Skocz do zawartości
IGNOROWANY

Zużycie Paliwa, A Przewymiarowany Kocioł


lukbok

Rekomendowane odpowiedzi

Witam,

 

Ze względu na modernizację budynku okazało się, że mój kocioł jest o przewymiarowany. Mam go od 5 lat i jest o mocy 20kW.

Z pomiarów wychodzi, że przy temperaturze zew. koło 0 st. C. moc zapotrzebowana budynku to 6 kW, a maksymalna podgrzewacza to 3kW.

Wtedy kiedy było -20 st. C. moc zapotrzebowana budynku wynosiła 11kW.

W związku z tym zastanawiam się nad wymianą pieca na taki o mocy 12kW. Dlatego zrodziło się pytania o ile zmniejszy się zużycie paliwa w przypadku gdy moc pieca będzie bardziej zbliżona do zapotrzebowania budynku i jak to wpłynie na jego sprawność.

 

 

Pozdrawiam

Łukasz

Odnośnik do komentarza
Udostępnij na innych stronach

Witam

 

 

Kocioł podajnikowy, ślimakowy z obrotowa retortą na ekogroszek.

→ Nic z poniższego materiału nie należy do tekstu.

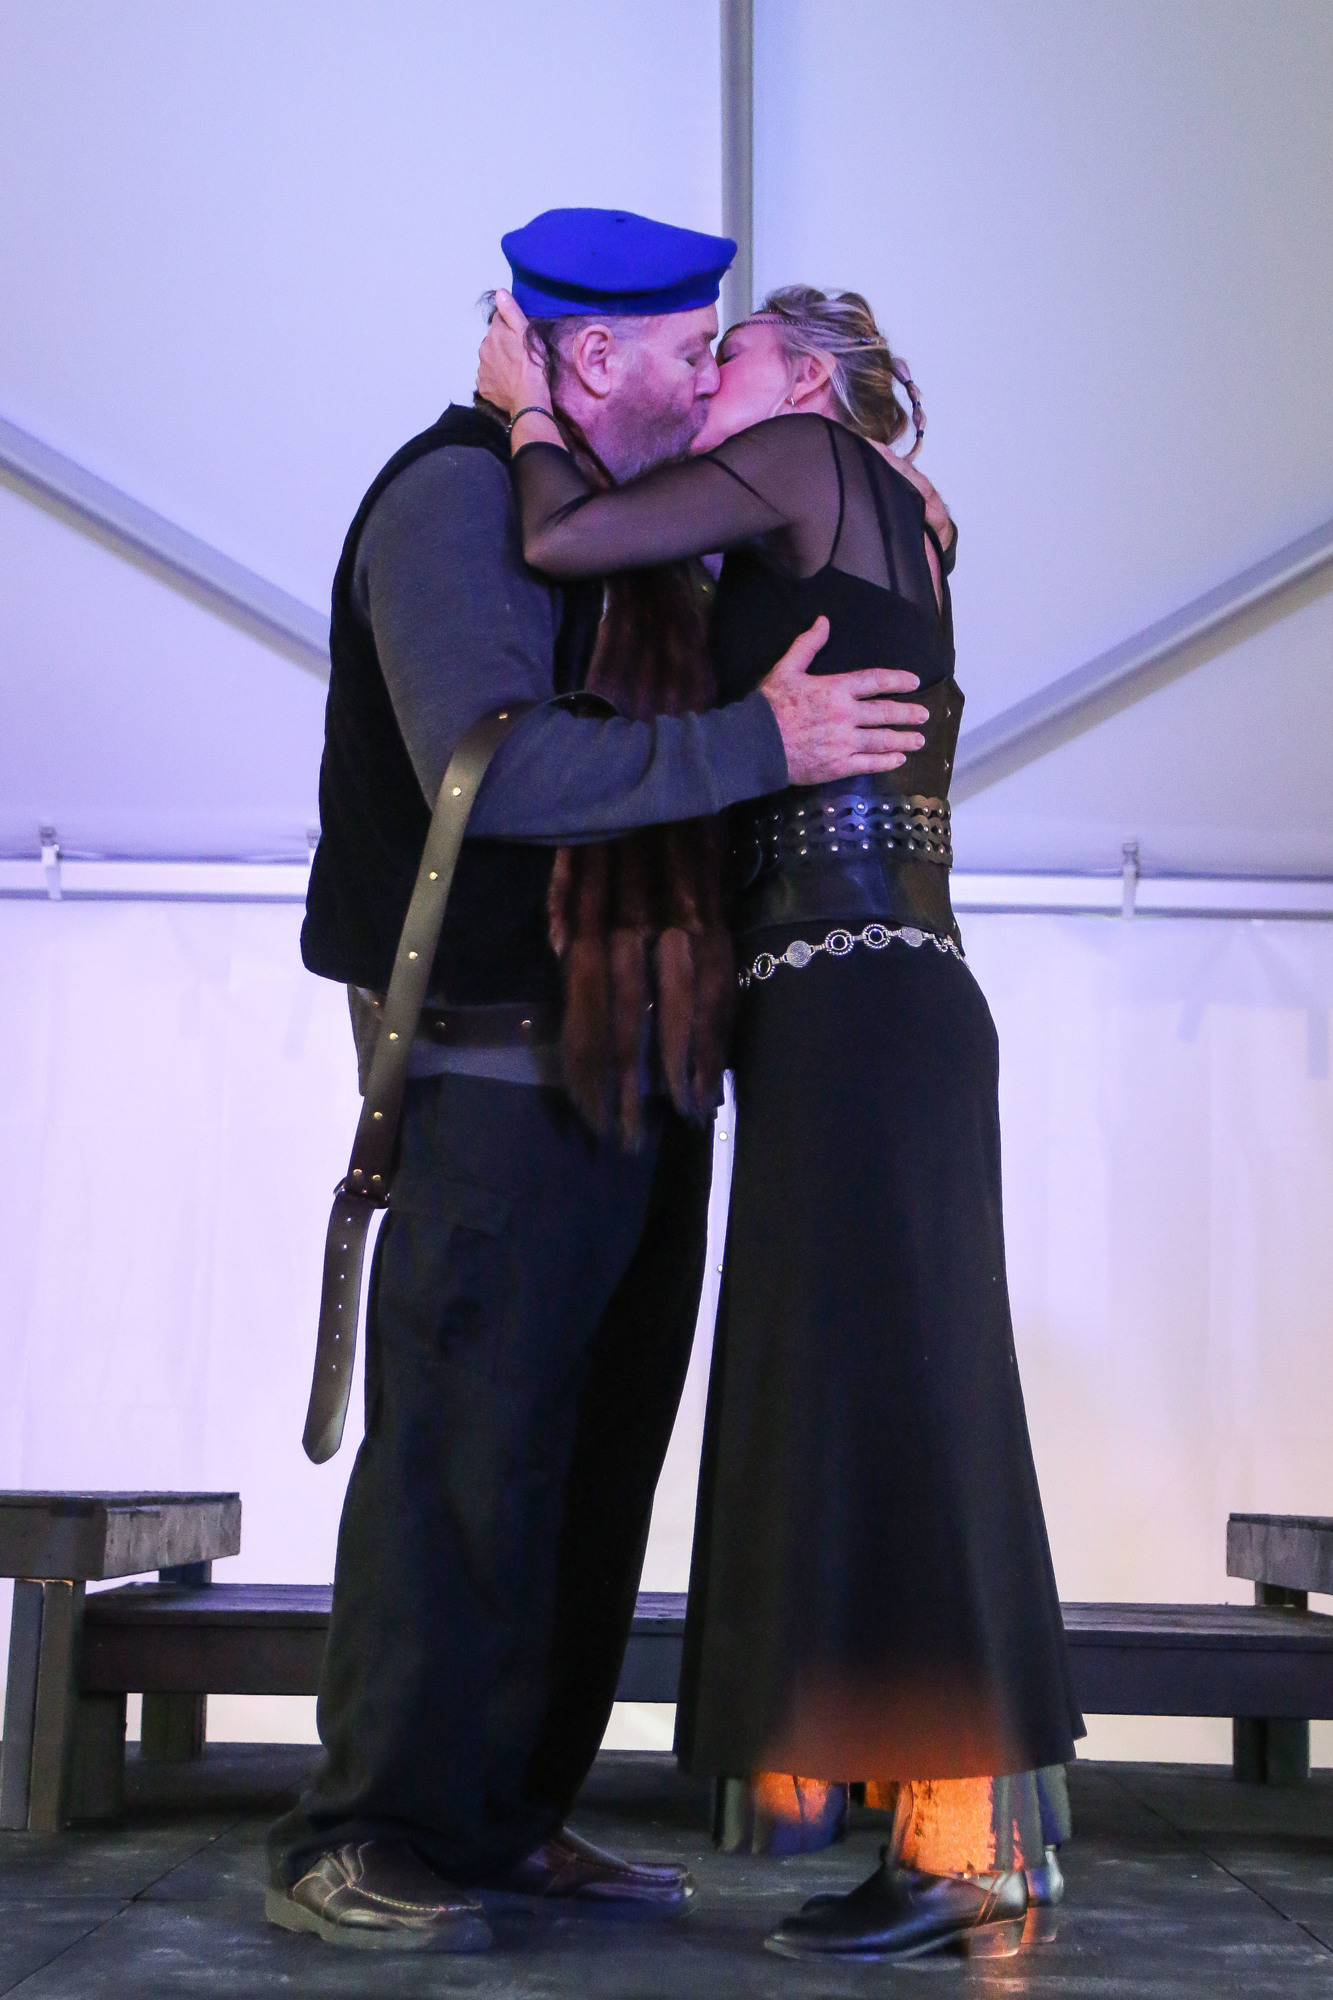 Robert O. Dimsey and Sharon Resnikoff share a passionate kiss on stage as Macbeth and Lady Macbeth. Photo by Paige Wilson

Jasna sprawa, że kocioł obecnie wytwarza taką moc jak potrzebuje dom. Jeśli jednak pracuje z mocą 4kW co daje 20% w stosunku do mocy znamionowej (obecnie na zewnątrz 10 st. C) to jego sprawność jest kiepska. W momencie gdybym miał kocioł o mocy znamionowej 12kW to jego sprawność byłaby lepsza. I właśnie o to chodzi. Jak oszacować zysk przy lepiej dopasowanej mocy znamionowej kotła do mocy zapotrzebowanej budynku.

 

Lukasz

Odnośnik do komentarza
Udostępnij na innych stronach

Witam

 

 

Kocioł podajnikowy, ślimakowy z obrotowa retortą na ekogroszek.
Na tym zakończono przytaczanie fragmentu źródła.